Поскольку эта отрасль очень молода, мы также фиксируем трудности с пониманием того, что на самом деле представляет собой обработка естественного языка. Большинство компаний смотрят на это как на одну большую технологию и предполагают, что предложения поставщиков могут различаться по качеству и цене, но в целом оставаться одинаковыми.
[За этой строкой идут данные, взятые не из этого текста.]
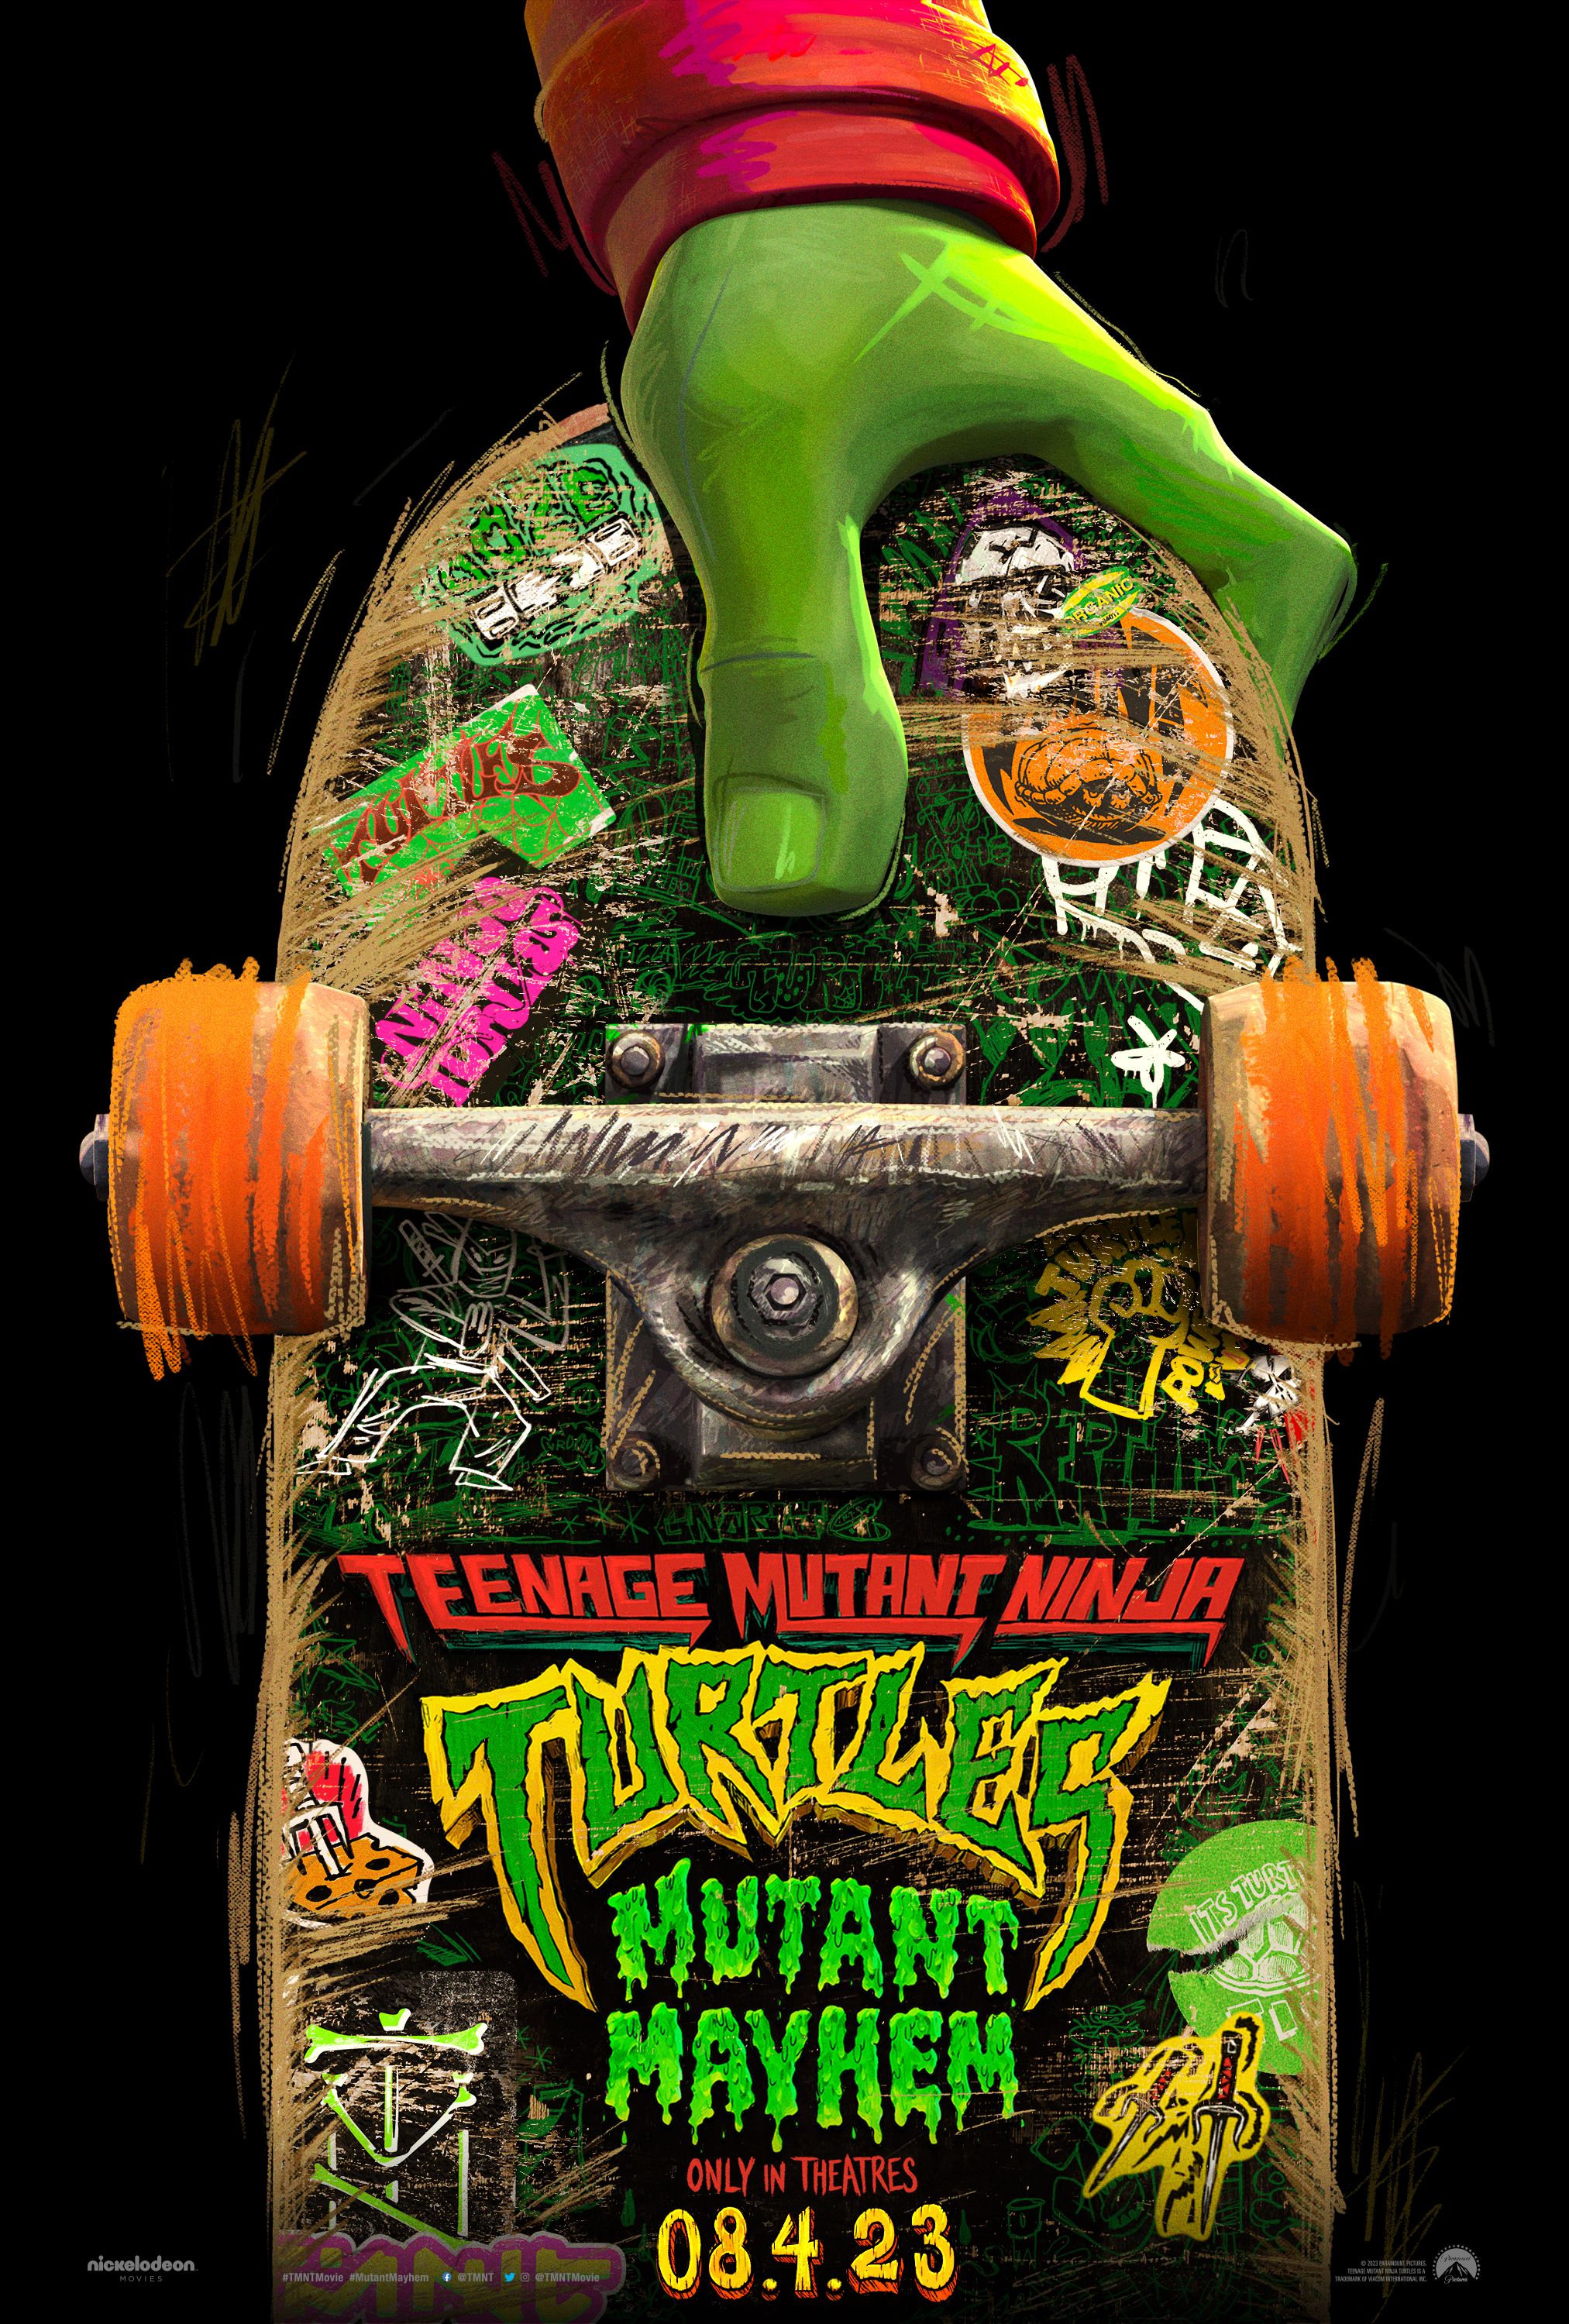 TMNT movies: Where to watch, how to stream every Teenage Mutant Ninja  Turtles movie - DraftKings Network

Правда в том, что НЛП — это не одно и то же; это не один инструмент, а скорее набор инструментов. Когда мы рассматриваем рынок в целом, наблюдается большое разнообразие, даже несмотря на то, что у большинства поставщиков есть только один инструмент, и этот инструмент не подходит для решения каждой проблемы. Хотя понятно, что технический партнер, когда к нему обращается потенциальный клиент, попытается решить бизнес-кейс, используя имеющийся у него инструмент, с точки зрения клиента это не идеально. Каждая проблема требует отдельного решения.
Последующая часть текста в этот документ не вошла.